Determining gold content in seeds, roots, and leaves of 10-day-old wheat seedlings was carried out using an Agilent inductively coupled plasma atomic emission spectrometer (Agilent Technologies, Santa Clara, CA, USA) and a Bruker 820-MS ICP-MS inductively coupled plasma mass spectrometer (Bruker, Bremen, Germany).

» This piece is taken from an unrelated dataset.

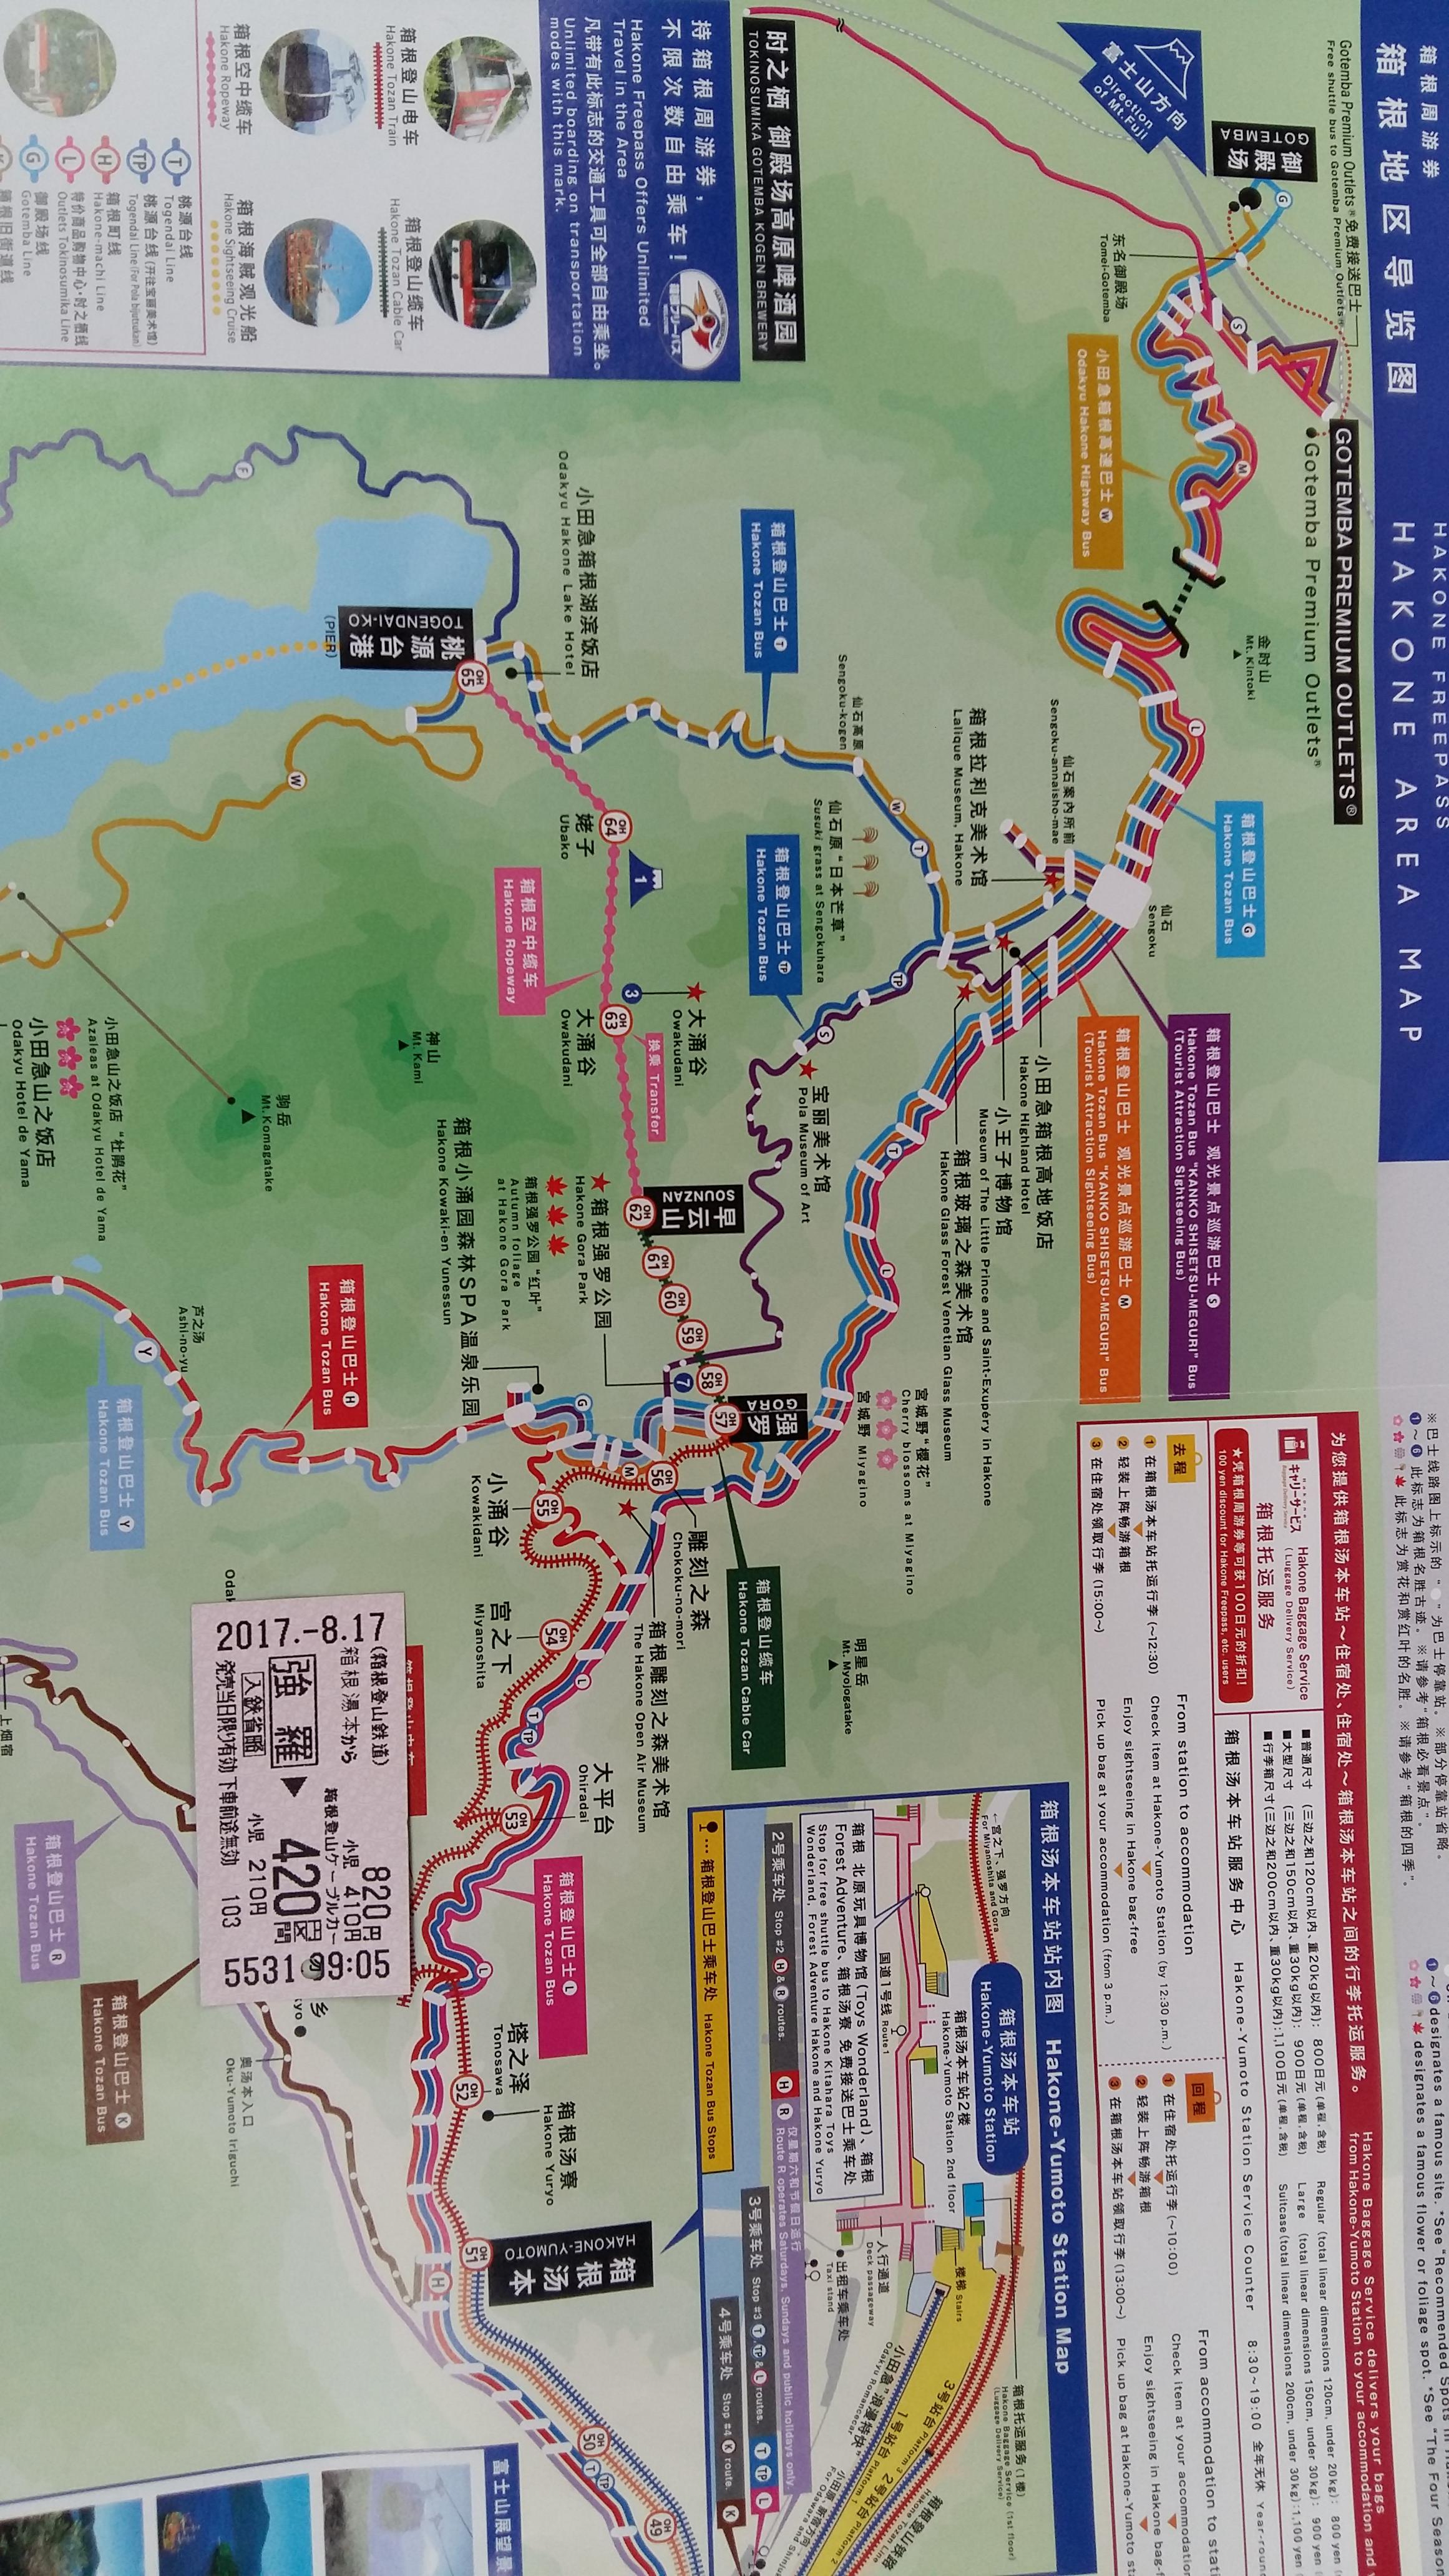 箱根索道不是个独立的景点,这个铁道是连接强罗公园和大涌谷的交通
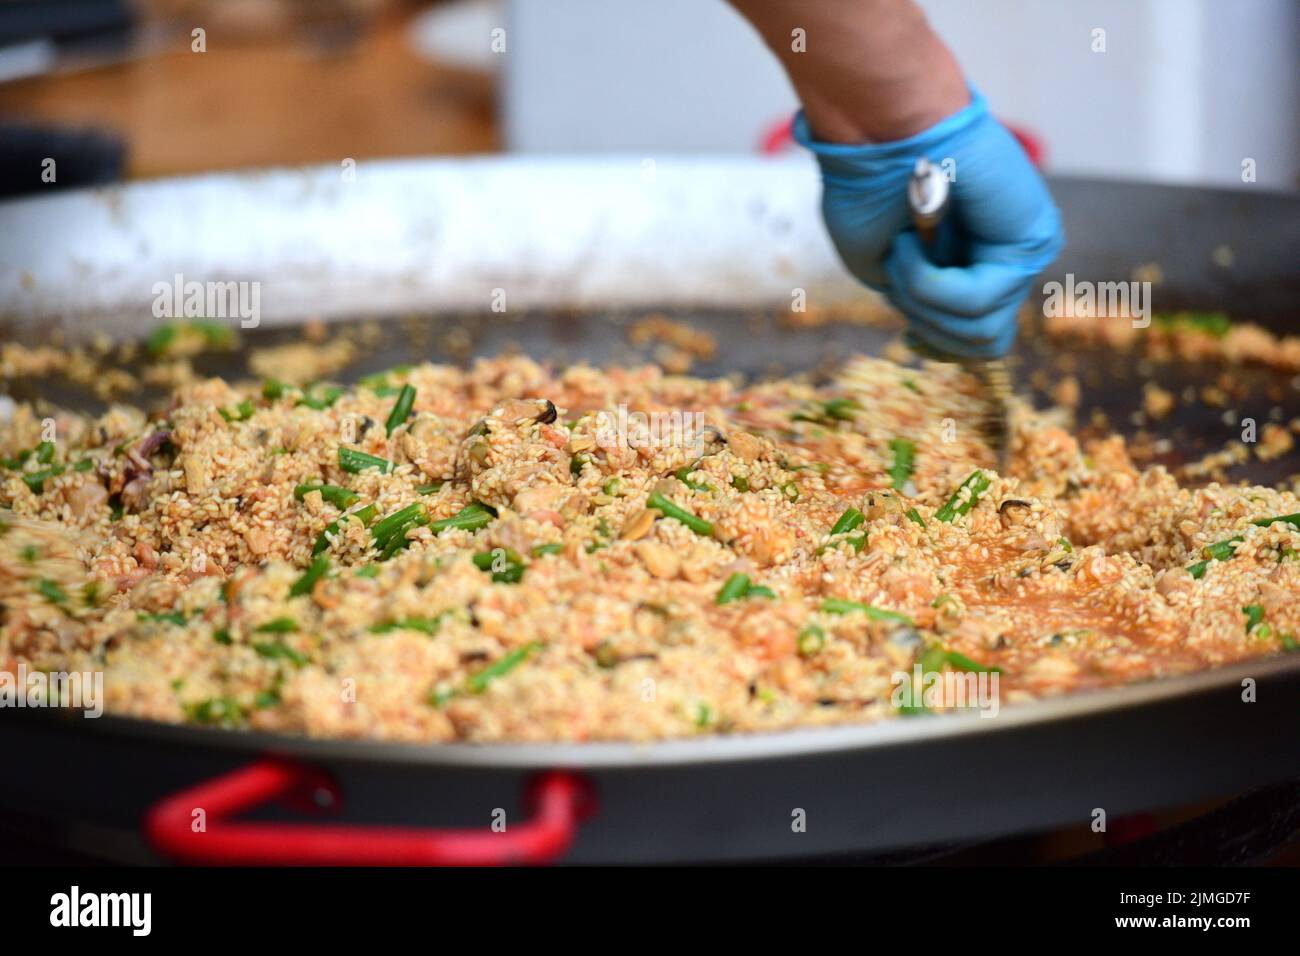 Zubereitung einer Paella in einer großen Pfanne - Preparing a paella in a large pan Stock Photo

4.14. Statistical Analysis

All experiments were carried out in three to six biological and three to four analytical replicates. The tables and figures present arithmetic means and their standard errors. The statistical significance of differences between means was assessed using ANOVA (Tukey’s test was used) built into the Microcal Origin 7.0 graphical mathematical package. The article discusses only values that are statistically significant at p < 0.05.

5. Conclusions

This study convincingly demonstrated that nanopriming with Au-NPs at the selected concentration did not induce any toxic effects or stress responses in wheat plants. This conclusion is strongly supported by our proteomic analysis, which revealed that the majority of DRPs identified in Au-NP-treated wheat plants were associated with constitutive metabolic processes. Even under optimal growth conditions, Au-NPs treatment resulted in a global reorganization of the PSA, both at the cellular ultrastructural level and at the level of biochemical processes. This reorganization appeared to regulate carbon flux during photosynthesis, likely through enhanced CO₂ assimilation, more efficient light energy utilization, and regulation of the PSA stability in the dark, potentially via control of protein and ion transport across the thylakoid membrane. These changes were accompanied by an increased abundance of proteins involved in oxidative stress response and energy production. While control plants appeared to activate certain mechanisms to increase photosynthetic efficiency—such as enhanced RuBisCO activity through upregulation of carbonic anhydrases, RuBisCO activases, and regeneration of RuBP via elevated sedoheptulose-1,7-bisphosphatase activity—Au-NP-treated plants exhibited intrinsically enhanced photosynthetic performance as a direct result of nanoparticle exposure. In the long term, such physiological and molecular changes may contribute to increased crop productivity and possibly increased resistance to both abiotic and biotic stresses. This supports the potential for broad application of seed nanopriming technology with gold nanoparticles in industrial agriculture.